KEYWORDS: Mycobacterium tuberculosis, resistance, tedizolid
ABSTRACT
Tedizolid is a novel oxazolidinone with activities against Gram-positive microorganisms, including mycobacteria. We studied the in vitro activity of tedizolid against 120 Mycobacterium tuberculosis strains, including susceptible, first-line-resistant, and multidrug-resistant isolates. MIC was tested using the Bactec 960 MGIT system. MIC90 and MIC50 were 0.5 and 0.25 μg/ml, respectively, in susceptible and resistant strains. Tedizolid may be an alternative in the treatment of resistant M. tuberculosis.
INTRODUCTION
Tuberculosis (TB) is the ninth leading cause of death worldwide. In 2017, 6.4 million new cases of TB were reported. Drug-resistant TB is a continuing threat. An estimated 558,000 new cases were rifampin-resistant TB, of which 460,000 were multidrug-resistant TB (MDR-TB). The percentage of extremely resistant TB was 8.5%. Due to the emergence of MDR-TB, the evaluation of new compounds is necessary (1). Oxazolidinones are in development for possible use in TB therapy (2). Tedizolid phosphate is a novel oxazolidinone prodrug (TR-701) that is transformed in the serum into the active drug tedizolid TR-700 (formerly DA-7157), which has a broad range of activities against Gram-positive microorganisms, including mycobacteria. Initial experience with tedizolid has shown advantages in antimicrobial potency against key organisms, including those with reduced susceptibility to linezolid, lower incidence of adverse effects, and favorable pharmacokinetics (3). Its pharmacokinetic/pharmacodynamic properties allow for tedizolid to be administered orally once daily, making it potentially useful for indications requiring prolonged treatment. Although oxazolidinones are generally well tolerated, reversible myelosuppression, particularly thrombocytopenia, is well documented with linezolid, primarily in treatment courses of >14 days (4–7). Tedizolid has proved to be a viable alternative in these cases (8). Tedizolid inhibits protein by binding to the 23S rRNA of the 50S subunit, thereby preventing the formation of the 70S initiation complex (9). Tedizolid has shown activity against acid-fast bacilli. Some studies showed in vitro activities of tedizolid against species of nontuberculous mycobacteria (10–12). Reports of in vitro and in vivo (intracellular) activities against Mycobacterium tuberculosis, including MDR strains (4), and Nocardia brasiliensis have been published (13, 14). The aim of the present study was to determine the in vitro activity of tedizolid-susceptible and -resistant M. tuberculosis isolates.

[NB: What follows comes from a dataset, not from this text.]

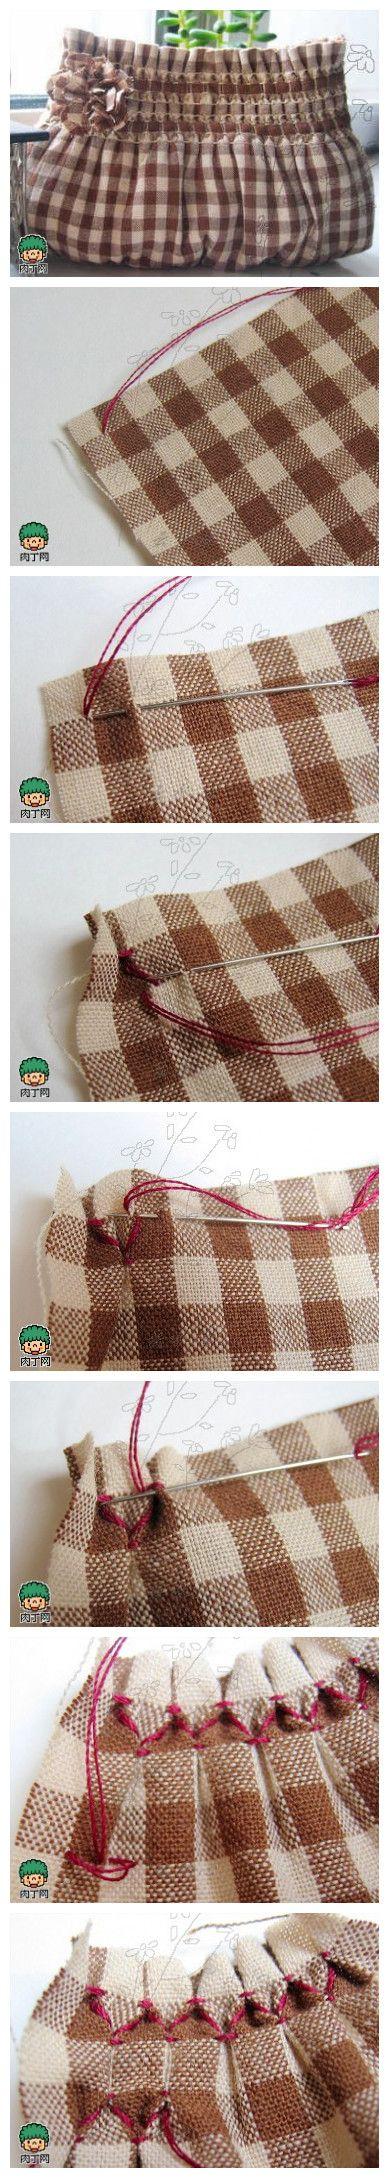 'smocking' a cute bag via duitang.com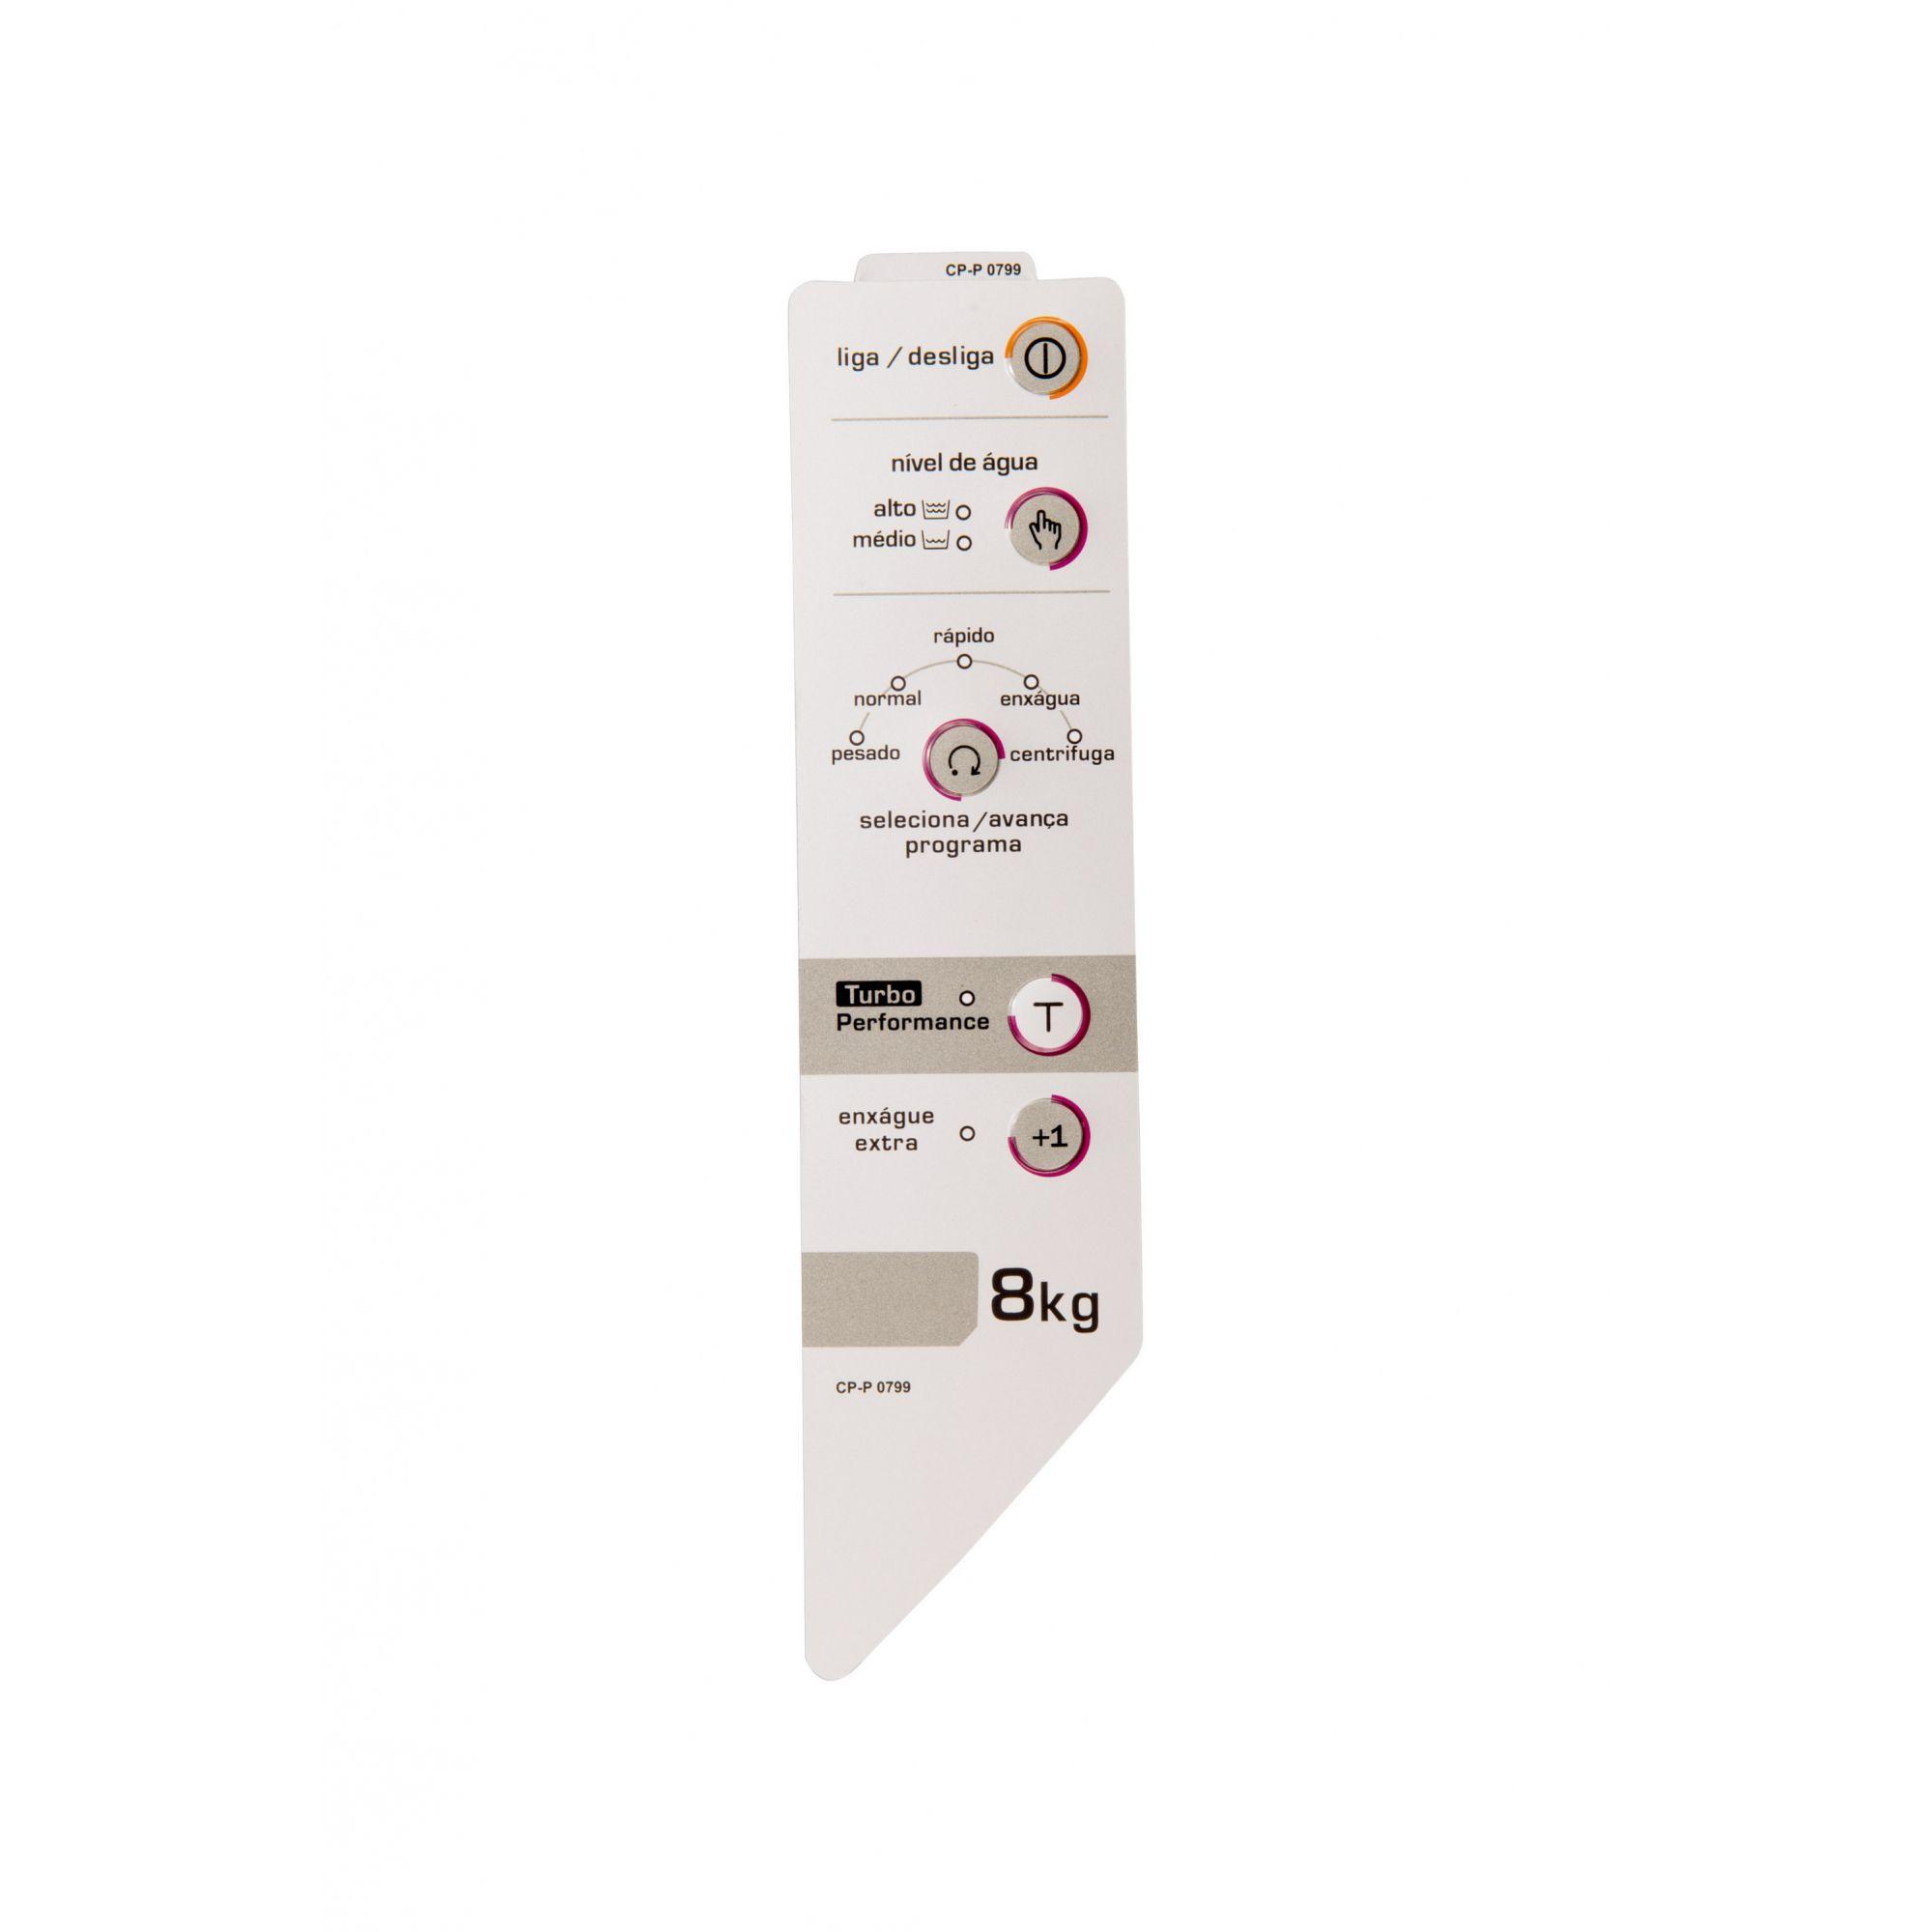 Painel Decorativo Compatível Lavadora BWC08A Turbo Direito W10162698-CP0799

The MICs of tedizolid against 120 M. tuberculosis strains selected from the Mycobacteria Reference Center, Faculty of Medicine, Córdoba, Spain, were determined. A total of 84 strains were identified as drug resistant (59 singly drug resistant, 25 MDR), and 36 strains were pan-susceptible. The activity of tedizolid against M tuberculosis strains was tested with the Bactec 960 MGIT system (Becton, Dickinson, Sparks, MD) (15). The MICs of tedizolid were determined to be between 0.015 and 16 μg/ml. All strains were stored at −70°C and subcultured on Lowenstein-Jensen (LJ) medium before testing. The tedizolid compound was solubilized and diluted 2-fold in dimethyl sulfoxide, and 0.1 ml volume was added to the corresponding MGIT culture tube. Bacterial suspensions were prepared by dispensing two or three loops of bacteria from fresh LJ slopes into 3 ml of phosphate-buffered saline (PBS), and the mixture was homogenized by sonication in an ultrasound water bath. The suspensions were allowed to sediment for 20 min, and the upper phase was transferred to a new tube and allowed to sediment for another 15 min before adjustment to a McFarland standard of 0.5 and dilution (1:5) in PBS (mixture A). Half a milliliter of mixture A was used to inoculate the MGIT culture tubes containing the drug and an undiluted (drug-free) growth control. Additionally, a 1:100-diluted bacterial suspension was made from mixture A to prepare the proportional-growth control of the MGIT test. Briefly, 0.8 ml of an oleic acid-albumin-dextrose-catalase enrichment was added to each MGIT culture tube. Before all tubes were placed into the Bactec MGIT 960 instrument for analysis, they were shaken gently for homogenization. The MICs were determined with the Bactec MGIT 960 system. MIC was defined as the lowest drug concentration at which the growth index (GI) value was 100 at the point that the proportional growth control reached a GI of 400, as recommended by the manufacturer. Also, the MICs of susceptible and resistant MTB isolates were determined. MICs of strains were compared with the activity of linezolid.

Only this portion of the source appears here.